- _THE DATA_
* * *
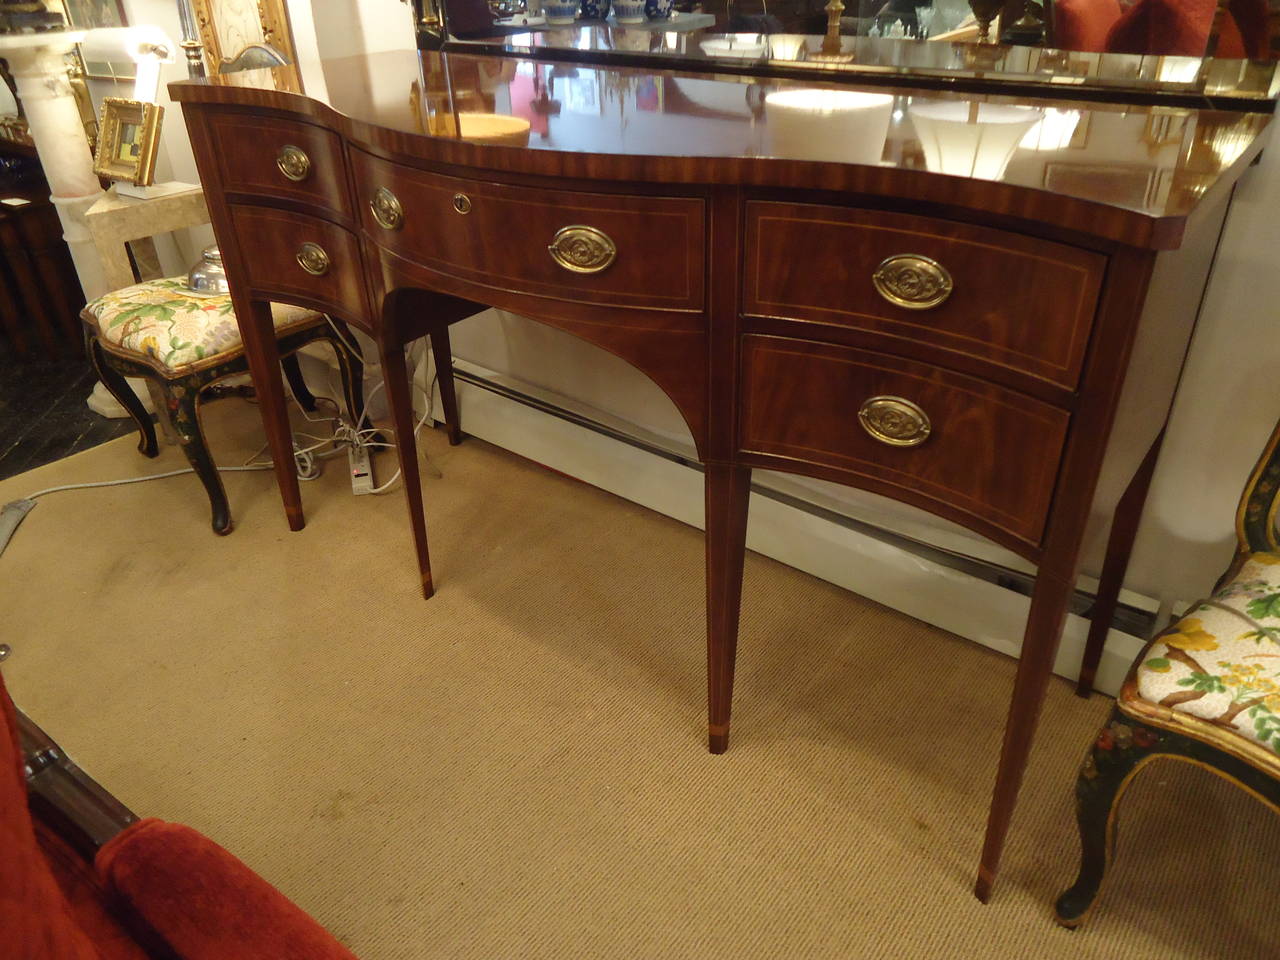 Mahogany sideboard with serpentine front and tapered legs modeled after an 18th century server in a private Charleston house. Top of the line Baker piece from their 
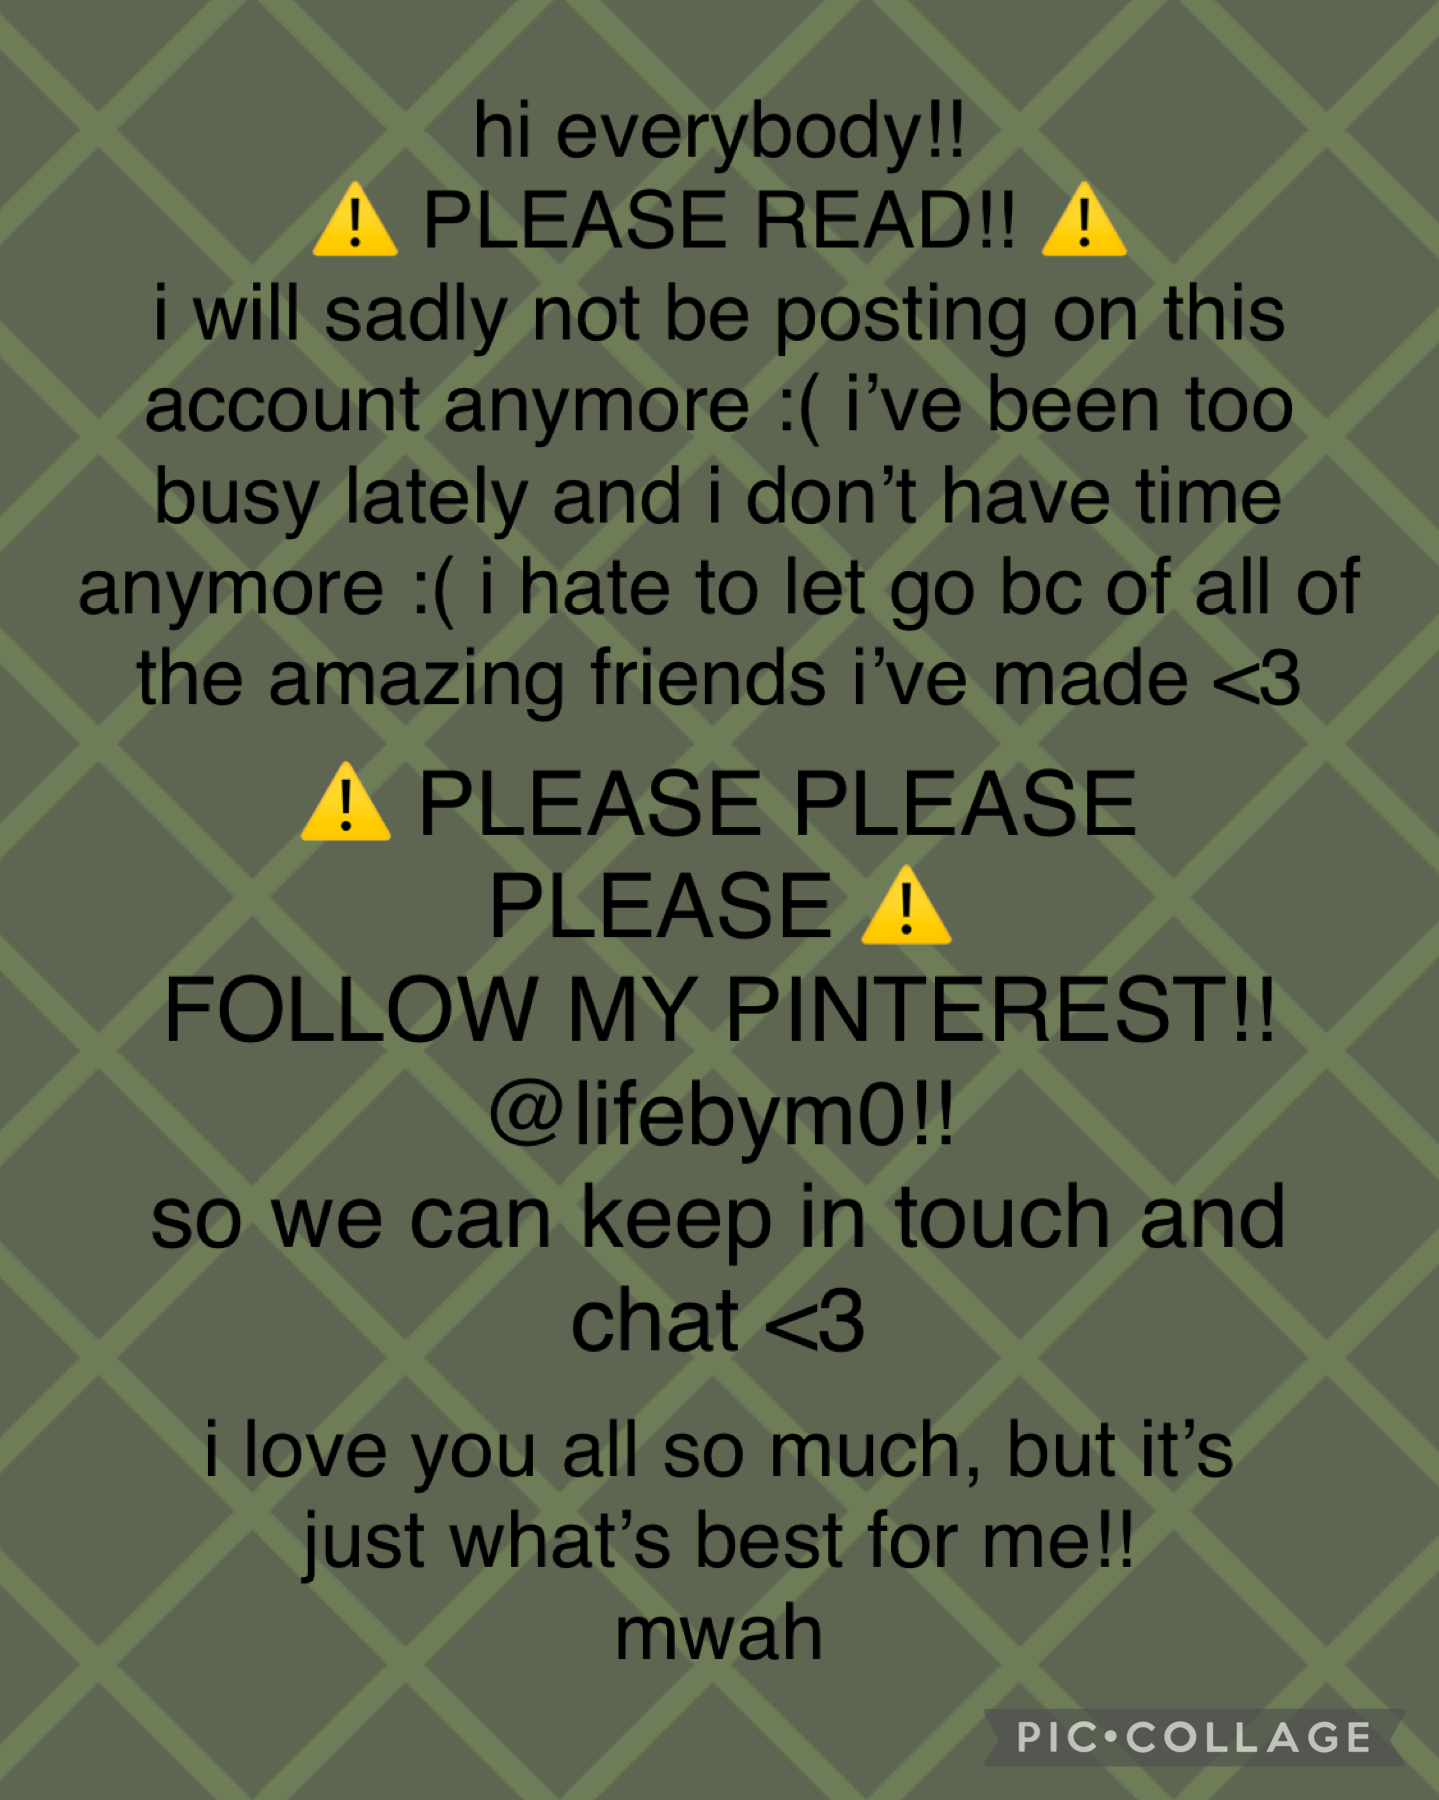 pls read <3 (tap) 
also feel free to drop your pinterest in the comments if you’d rather me find you :) 
ily all :’)
* * *
Leaving the pictures out, write out all the material above exactly.

- _YOUR RESPONSE_
 Mahogany sideboard with serpentine front and tapered legs modeled after an 18th century server in a private Charleston house. Top of the line Baker piece from their 
 pls read <3 (tap) 
also feel free to drop your pinterest in the comments if you’d rather me find you :) 
ily all :’)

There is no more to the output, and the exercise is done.